The Future is: Beyond Clean Eating
The clean-eating wave is morphing into pure eating, as we go beyond seeking natural and nutritional benefits alone to shunning additives, allergens, and toxins. Interest in gluten-free has nearly quadrupled over the last decade; vegan milk sales rose 36% since 2017. But a healthy New American Diet is complex. For instance, many consumers have turned to nut- and soy-based products in the name of plant-based nutrition, but some people are finding that they are soy-sensitive, and nut allergies are up 21% since 2010. All this indicates that we will have a protein-supply crisis on our hands soon enough. No doubt, eating well can be a challenge, but there’s never been a better time to do so. Here’s a taste of tomorrow.
Now: The Nontoxic Diet
What’s Fresh: We’re becoming attuned to all the junk in our food. Even the most pristine-looking fruit may have been sprayed with pesticides, our premium fish has been swimming in water tainted with micro-particulate plastics, and we’re drinking our filtered water from plastic bottles loaded with hormone-disrupting phthalates. Look for a new emphasis on toxin-free products (and you’ll need to be able to prove that status). We will also turn to cleansing products, like Clean Tea, to purify our bodies.
How It’s Changing the Game: Brace yourself for a whole new set of standards for food. The script is about to be flipped from “Do less harm” to proactively uplift your consumers’ health with ultra-pure products.
3 Action Steps for Brands:
- Gluten-, nut-, and dairy-free are no longer enough. Prepare to ensure that your products are allergen-free, mold-free, phthalate-free, plastic-free — and more.

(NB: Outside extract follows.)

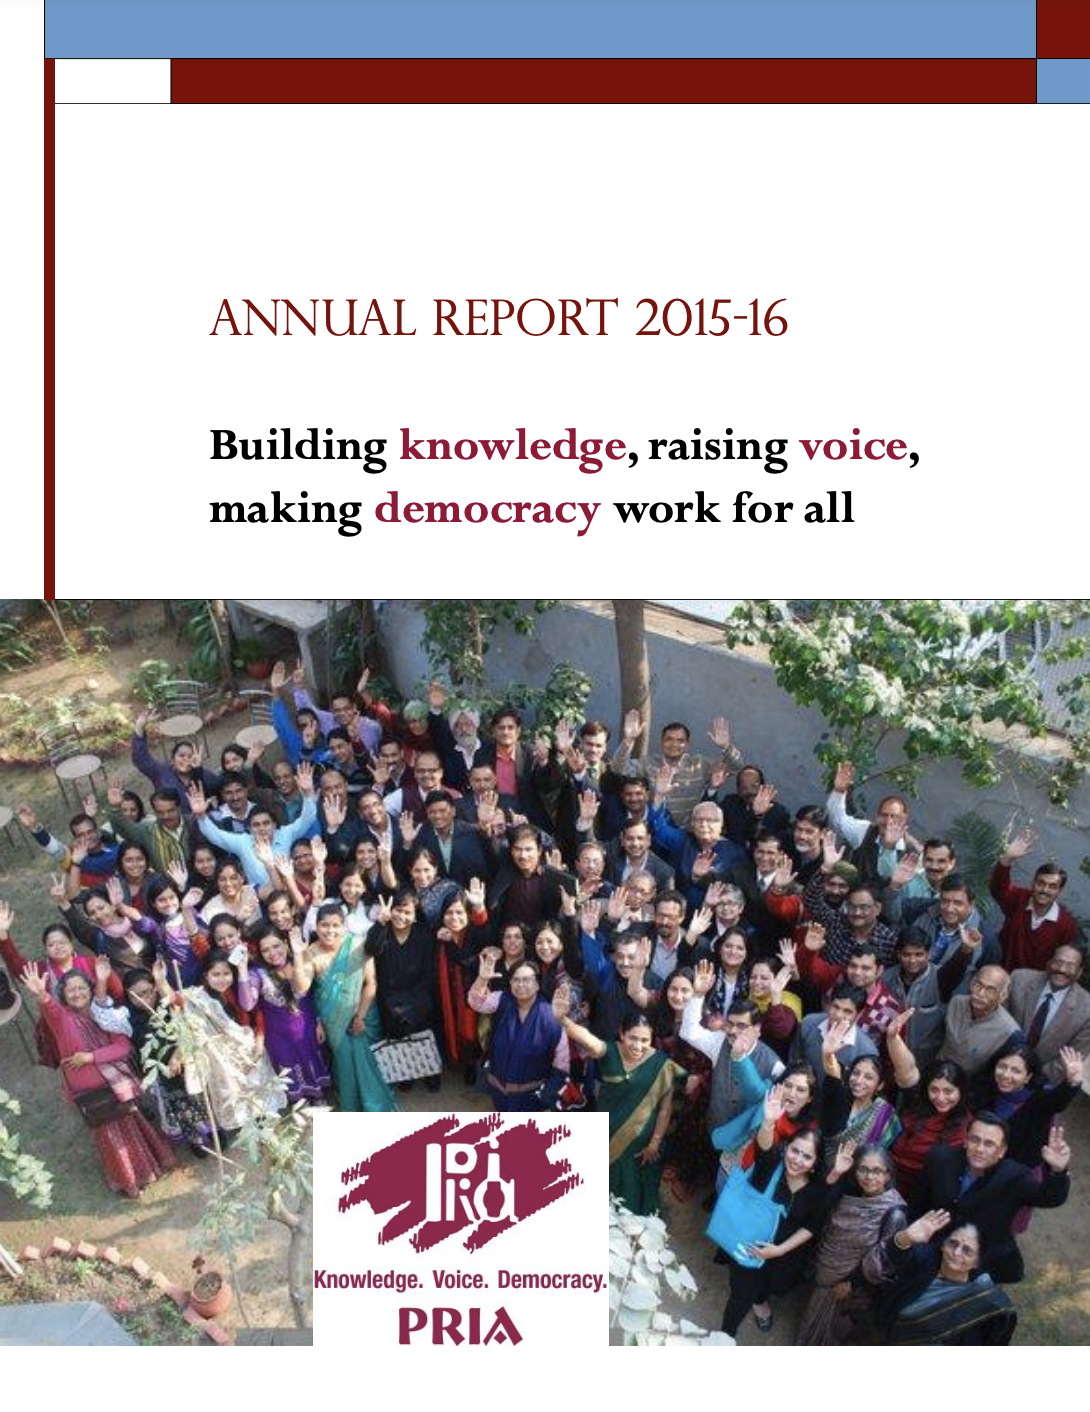 34th Annual Report 2015-16

- Develop products that actively offset toxins in our food.
- Shift more strongly away from plastic as it comes into deep-problem focus.
Now: Ethical Cell-Based Milks
What’s Fresh: What comes after plant milks? How about human-cell-based milk? That’s what Singapore’s TurtleTree Labs is engineering, aiming to provide millions with access to sustainable, higher-quality dairy. Using the blueprint of human milk, it will build a better beverage in the lab and commercialize lactoferrin — a lactation-produced protein that optimizes brain development and inflammatory responses. However, it may be a couple of years before cell-based whole milk meets regulatory requirements.
How It Changes the Game: Infant formula, cow’s milk, and vegan milk may pale in comparison to the health benefits of this naturally derived nutrition.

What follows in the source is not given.